Most phishing infrastructure works in one of two ways: either you create static HTML pages (manually or by grabbing them during setup), or you proxy traffic to the impersonated domain (possibly modifying contents on the fly).
Phishim works differently by proxying at the user interaction layer rather than the traffic layer, reducing the amount of configuration required. In particular, I no longer had to spend time removing troublesome JavaScript from my landing pages like I had to with GoPhish, and I no longer had to spend time configuring rewrite rules like I had to with Evilginx2. The tradeoff is that these other tools allow you to create much higher-fidelity impersonations than this approach.
First, install node and npm.
Then clone this repo and install dependencies:
$ git clone [email protected]:jackmichalak/phishim.git
$ cd phishim
$ npm install
You should now configure the variables at the top of src/index.ts
. The first
string is where you are hosting your phish, and the others are how you interact
with the impersonated website. You may also want to add a favicon.ico
file
at the root so that the correct favicon is displayed in the browser.
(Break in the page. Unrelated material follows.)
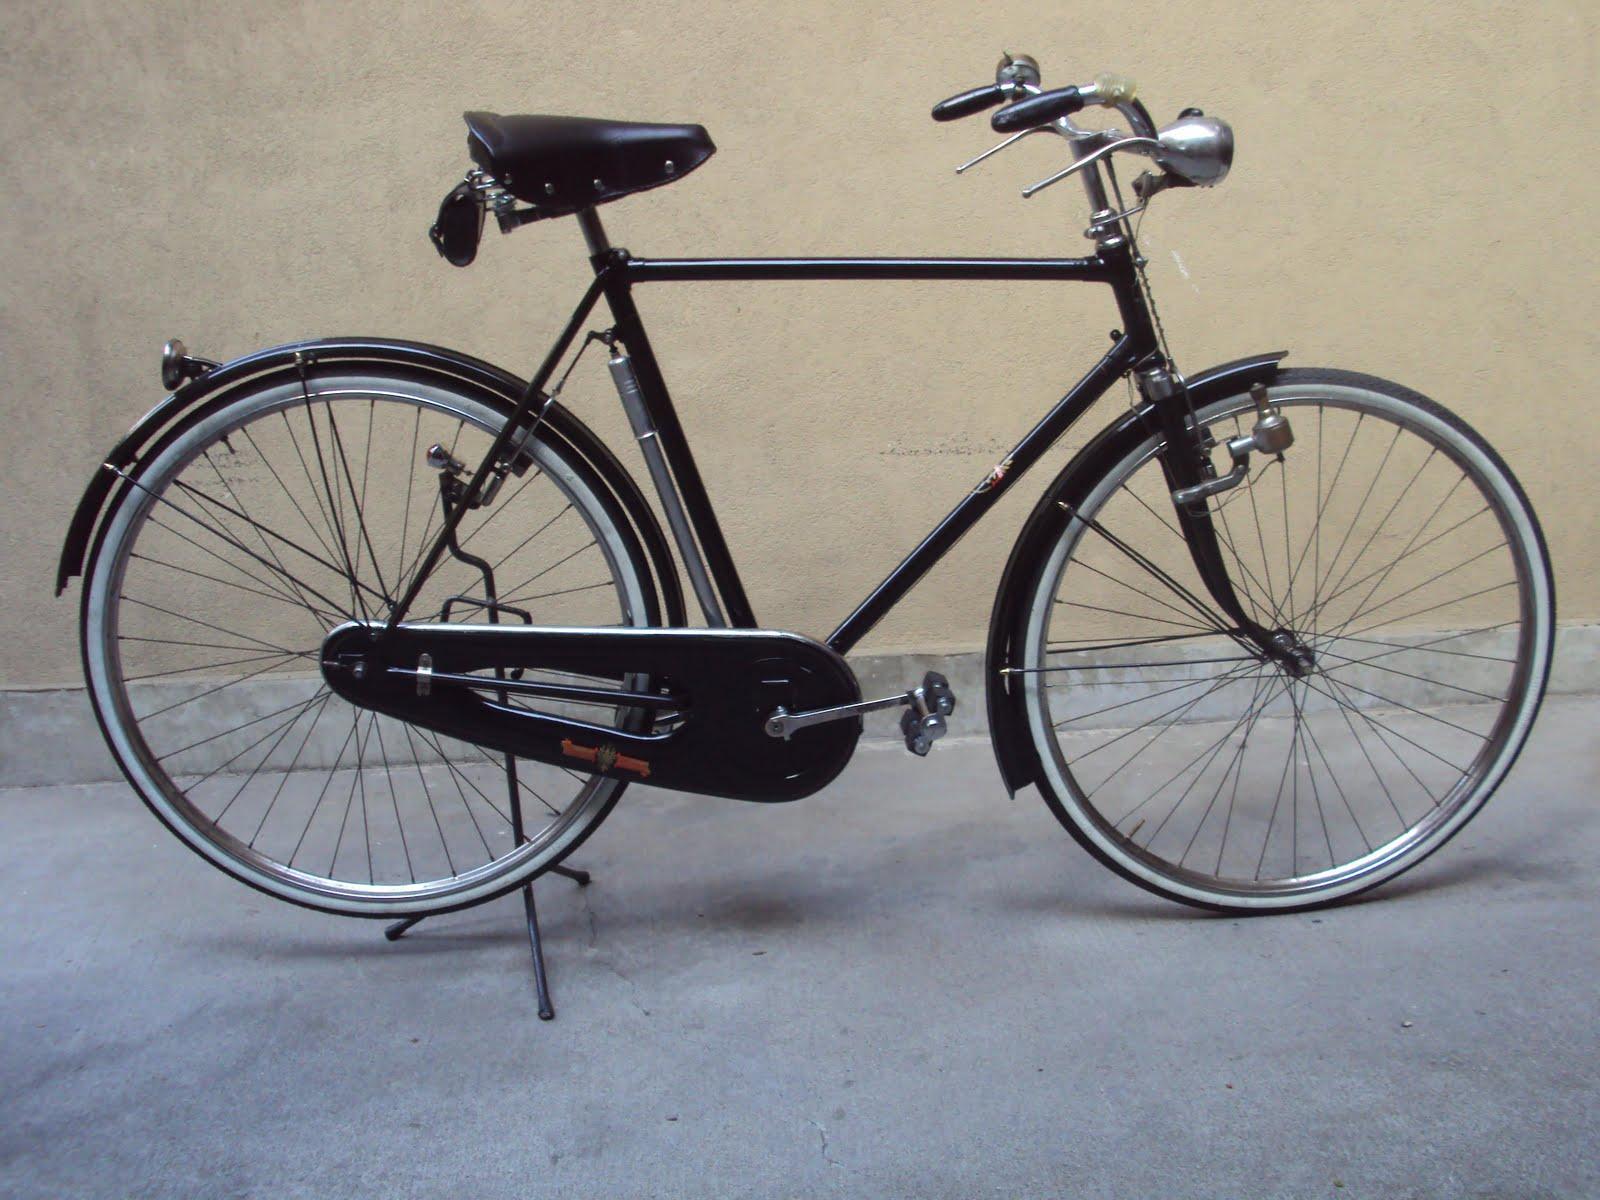 Bicicletta Bianchi Anni 50 Valore

Once doing so you can start the server:
$ npm start
The phish interface by default runs on port 8080, and the admin interface runs on port 3333. Once a user has logged in on the phish interface, you can open up the admin interface to reconnect to their session and browse as them.
Phishim depends very heavily on Puppeteer. Puppeteer is a browser automation library which primarily focuses on testing automation, but it has also been used extensively for web scraping. Phishim spins up a Puppeteer browser for each user that visits the site. The server takes screenshots of the web page and sends them down to the client over a web socket connection for display, and the client sends up clicks and keyboard presses to the server to be played on the page. Once the user successfully logs in, they are redirected to the real website.
While this approach has been tested for many of the most common MFA approaches such as SMS, authenticator apps, in-app notifications, and the like, any MFA approach which involves authenticating the URL in the browser will succeed in protecting the user. For example, WebAuthn uses a different key pair per website which would prevent Phishim from using the data received on the impersonated host.
In my testing multiple websites determined that my login attempts were above-average risk and instituted higher-friction MFA techniques than would otherwise be used, for example requiring the user enter a two-digit number from the site into their mobile app, and one website outright blocked the login altogether even though I had valid credentials. I was able to work around some of these problems by modifying Phishim's behavior.
The slower the internet connection between the server and the user, the more noticeable it is that this is not the real site. Login pages are often quite simple but delayed interactions can cause suspicion. As high internet speeds proliferate this will be less of a concern.